## Task description
Where the data below shows a picture, leave that picture out and copy the rest exactly.

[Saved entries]
╭──

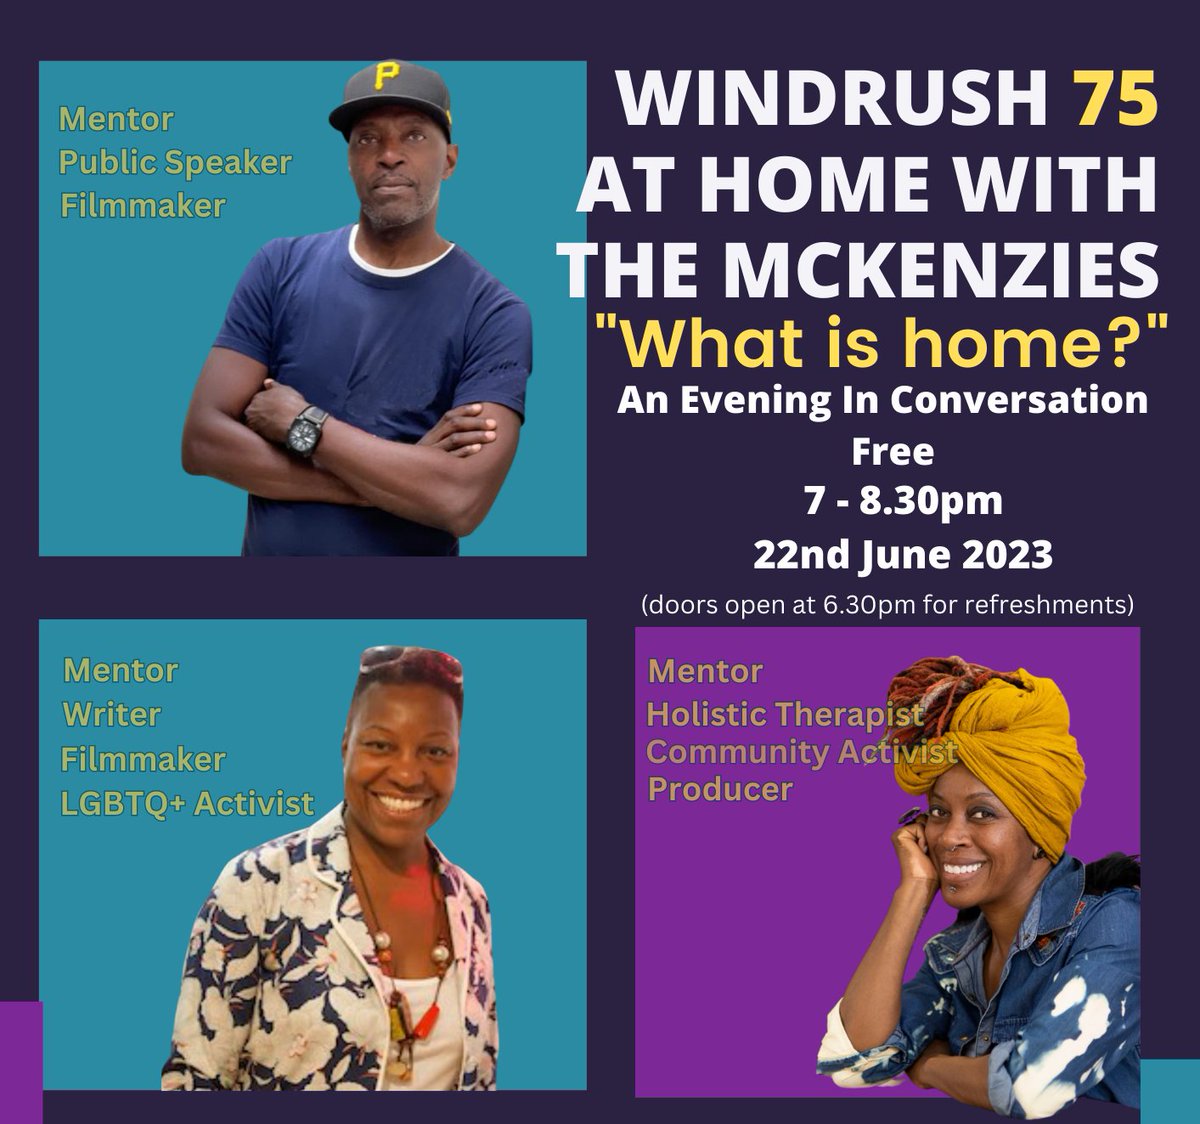 WINDRUSH 75: At Home with the
Mckenzies - An Evening in Conversation

Thursday 22 June, 7-8.30pm (doors open 6.30pm)
Free, all welcome

Book your free ticket on Eventbrite: 
eventbrite.co.uk/e/windrush-75-…

With kind support from The Windrush Day Grant Scheme.
#windrushday2023

╰──

## Task solution
 WINDRUSH 75: At Home with the
Mckenzies - An Evening in Conversation

Thursday 22 June, 7-8.30pm (doors open 6.30pm)
Free, all welcome

Book your free ticket on Eventbrite: 
eventbrite.co.uk/e/windrush-75-…

With kind support from The Windrush Day Grant Scheme.
#windrushday2023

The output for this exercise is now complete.